Badland's community of level creators is pushing the editing tools to their limit, creating stages that play like racing games, shoot 'em ups and more.

Frogmind’s 2015 follow-up Badland 2 was created on iPad the same way, although as it turns out, some players of the first game were even able to use the level editor in the first game to replicate some of the sequel’s mechanics. “Players have mimicked the vertical levels of Badland 2 by tweaking the gravity, rotating the backgrounds and instructing to play by tilting the device into portrait mode. It’s awesome to be surprised by what people can make your tools do!”

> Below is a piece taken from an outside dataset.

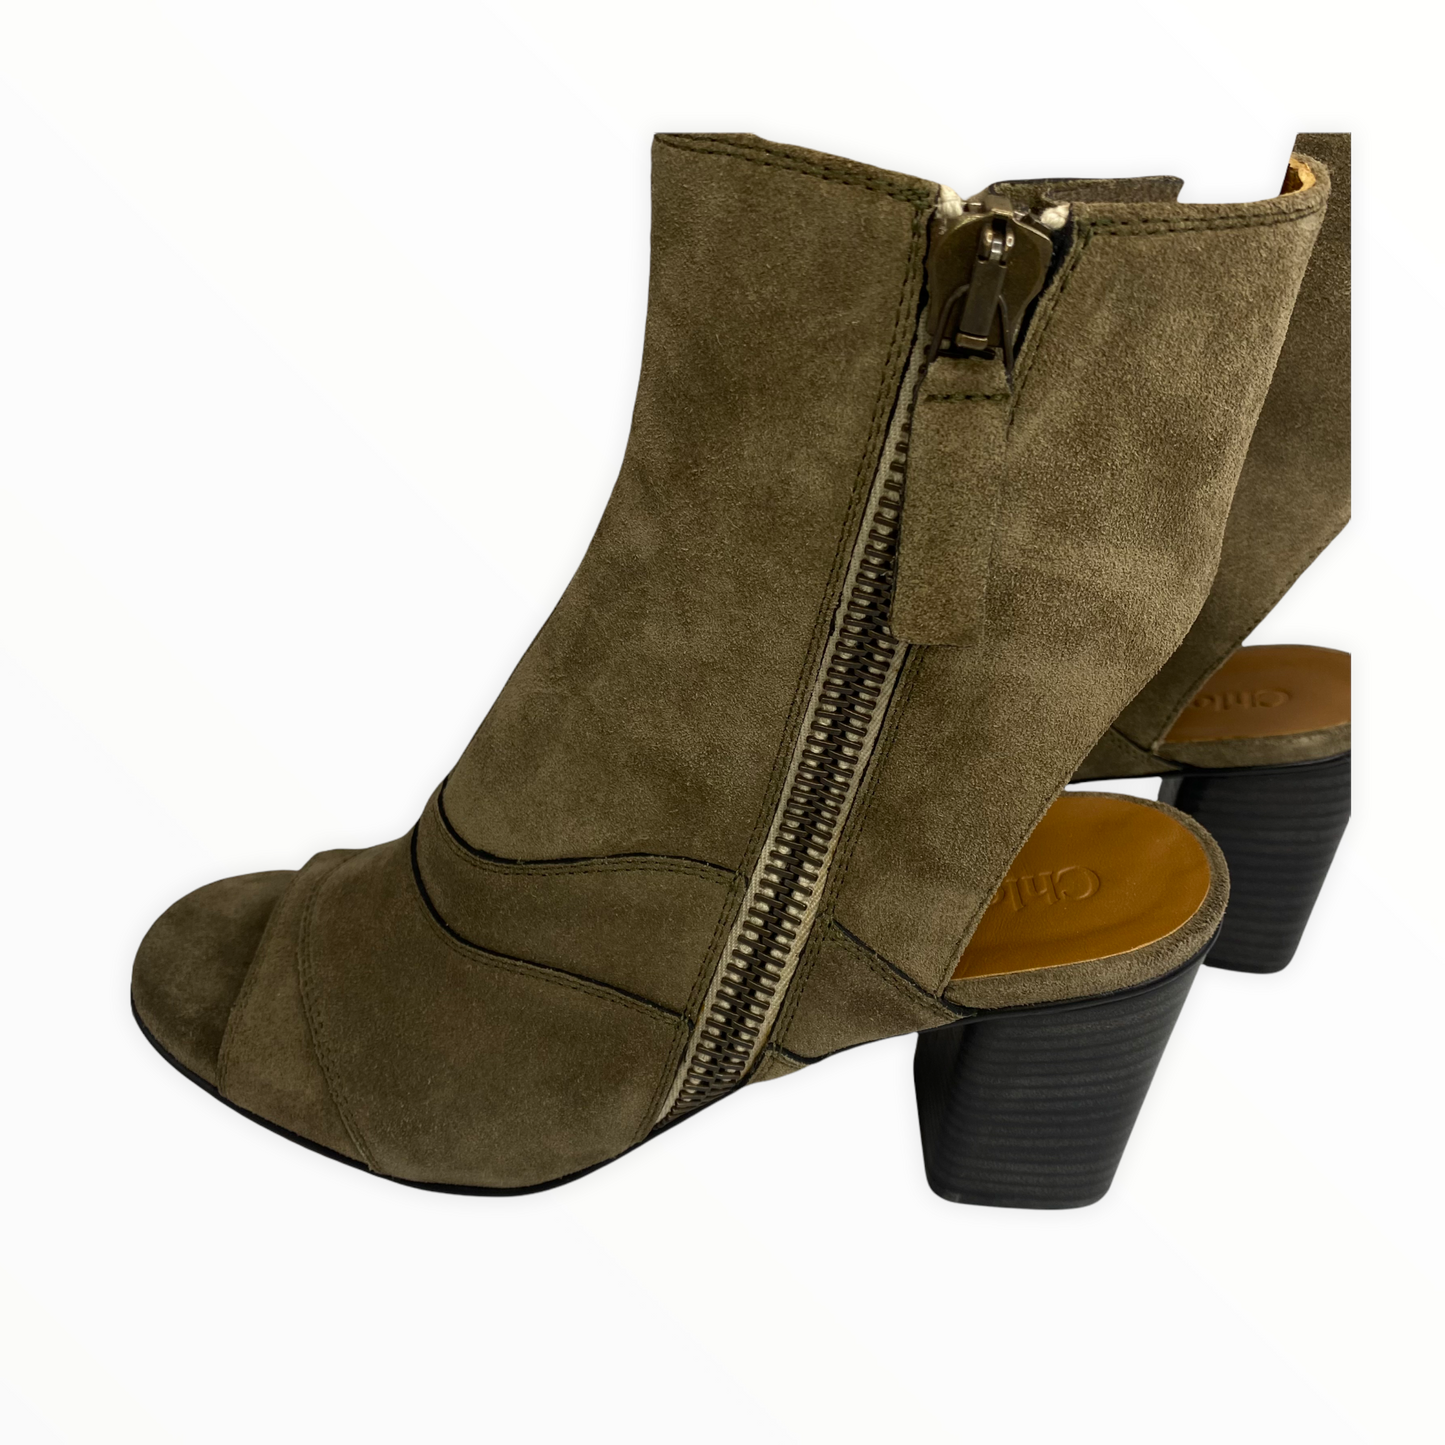 Lysis vintage Chloé open-toe boots - 38.5 - Fall 2016

Thanks to that ingenious editor and a dedicated community of Badland level creators, both games are constant sources of cool new twists on the intuitive tap-to-fly platforming formula. Both Badland 1 and 2 are worth downloading for the developer-authored stages alone, but add in the thousands of wild player-made stages on top and you’ve got two games with near-endless replayability. If you’ve not downloaded both already, get on it now and thank us later.